For the estimation of the matrix of capital stock coefficients for the year 2012 and the other years, we proceed as follows: The vector of investment expenditures for the 70 industries is provided in the use matrix while the vector of capital stock is also available from the BEA. Some adjustments for the retail trade consisting of the industries 28, 29, 30, and 31 (see Table 1 for their nomenclature) had to be made. More specifically, we apportioned the total capital stock of the retail trade to the individual industries (28-31) in proportion to their investment shares. The matrix of fixed capital stock coefficients is derived from the product of the column vector of investment shares of each industry times the row vector of capital stock per unit of output (see also Montibeler and Sánchez, 2014; Tsoulfidis and Paitaridis, 2017; Tsoulfidis and Tsaliki, 2019; Cheng and Li, 2019). Hence, it is important to note for the accuracy of our estimations that the column sums of the resulting square matrix are the same as those that we would have derived had we utilized the more accurate capital flow tables. The rank of the resulting matrix is one as the product of multiplication of two vectors and because of the presence of linear dependence; the maximum eigenvalue of the resulting matrix K[I - A - D - < t >]-1 R -1 is equal to one with zero all the subdominant eigenvalues. The resulting new matrix of capital stock coefficients, K, possesses the properties of the usual capital stock matrices derived and employed in the hitherto empirical studies (see Tsoulfidis and Paitaridis 2017; Mariolis and Tsoulfidis, 2016a, and the literature cited there). The idea is that the investment matrices contain many rows with zero elements (consumer goods and service industries do not produce investment goods) and so the subdominant eigenvalues will be substantially lowered (indistinguishable from zero) than the dominant; this is another way to say that the equilibrium prices are determined almost exclusively by the dominant eigenvalue.

In similar fashion, the matrix of depreciation coefficient, D, was estimated as the product of the column vector of investment shares of each industry times the row vector of depreciation (the total depreciation of the retail trade industry was apportioned to industries 28, 29, 30 and 31) per unit of output.

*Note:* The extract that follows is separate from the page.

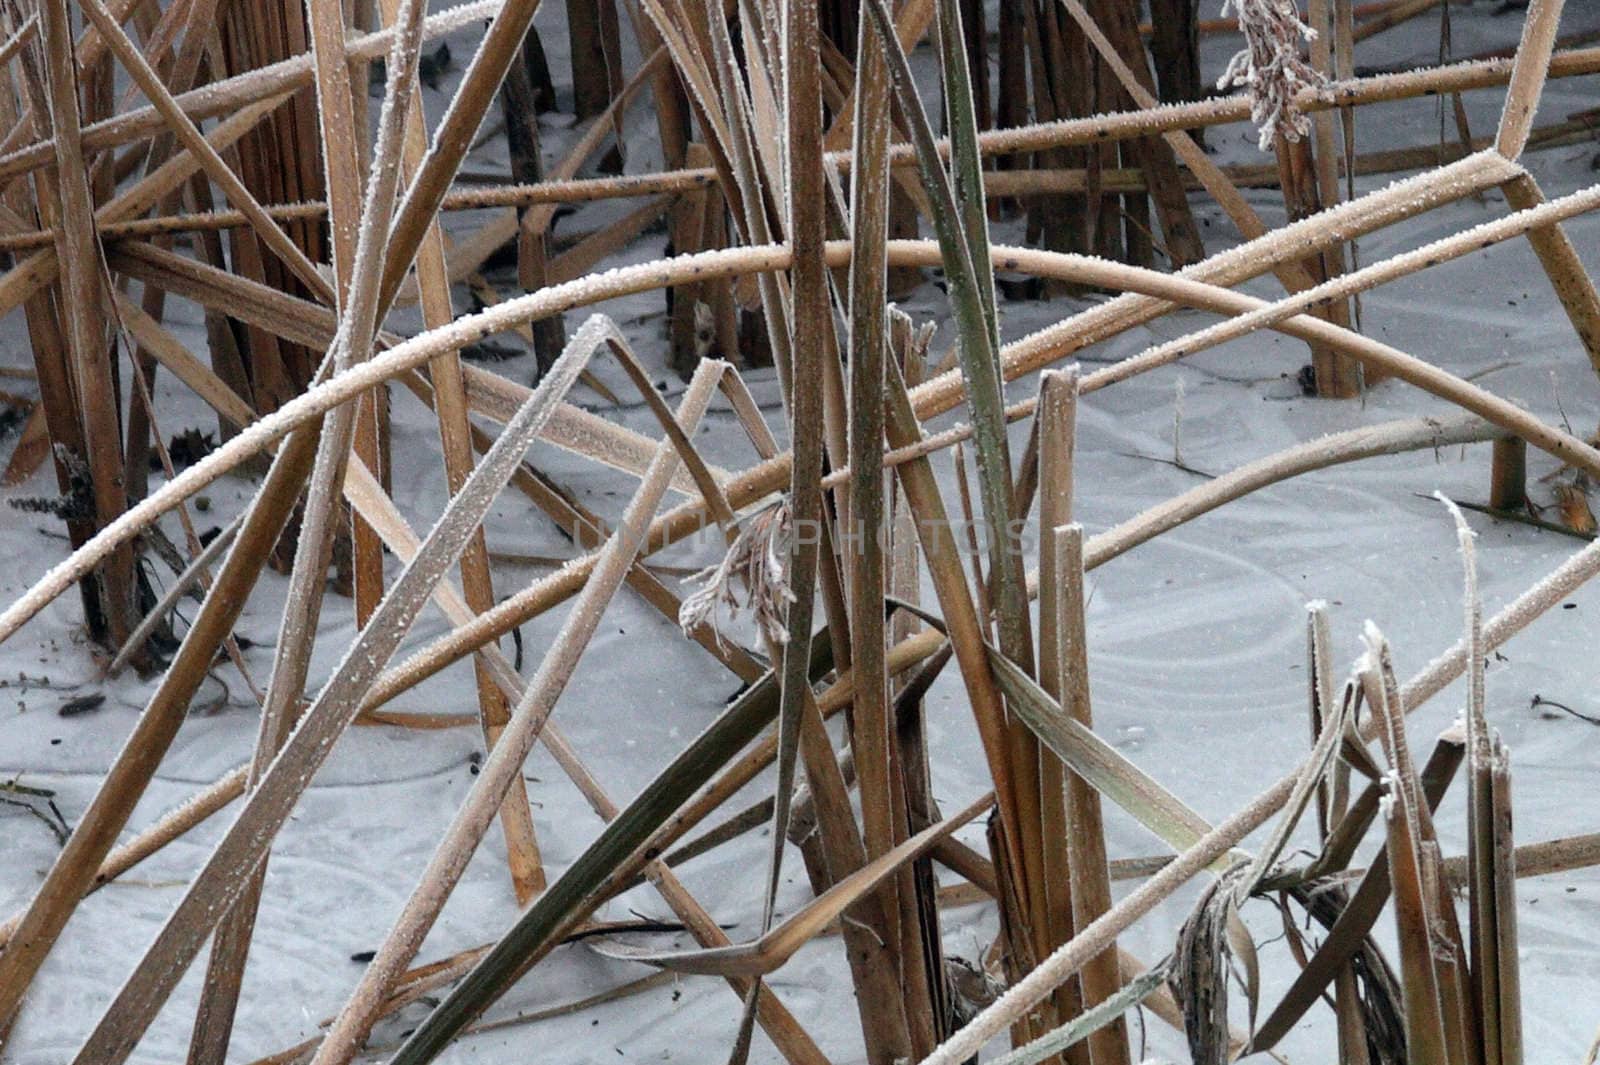 Frozen Reeds.  Photo taken in Culver, OR.

The total wages are also derived from the industry data available in the BEA site. Each industry's total wages for full time equivalent are divided by the economy-wide average wage estimate at 42,500 USD, the data are from the Social Security Administration, <https://www.ssa.gov/oact/cola/central.html>. The so derived adjusted industry wages are then divided by the respective gross output and we get the employment coefficients that we used in our analysis.

The vector of consumption expenditures of workers is derived by dividing each industry’s personal consumption expenditures by the total personal consumption expenditures. The derived vector of relative weights is multiplied by the economy-wide average real wage.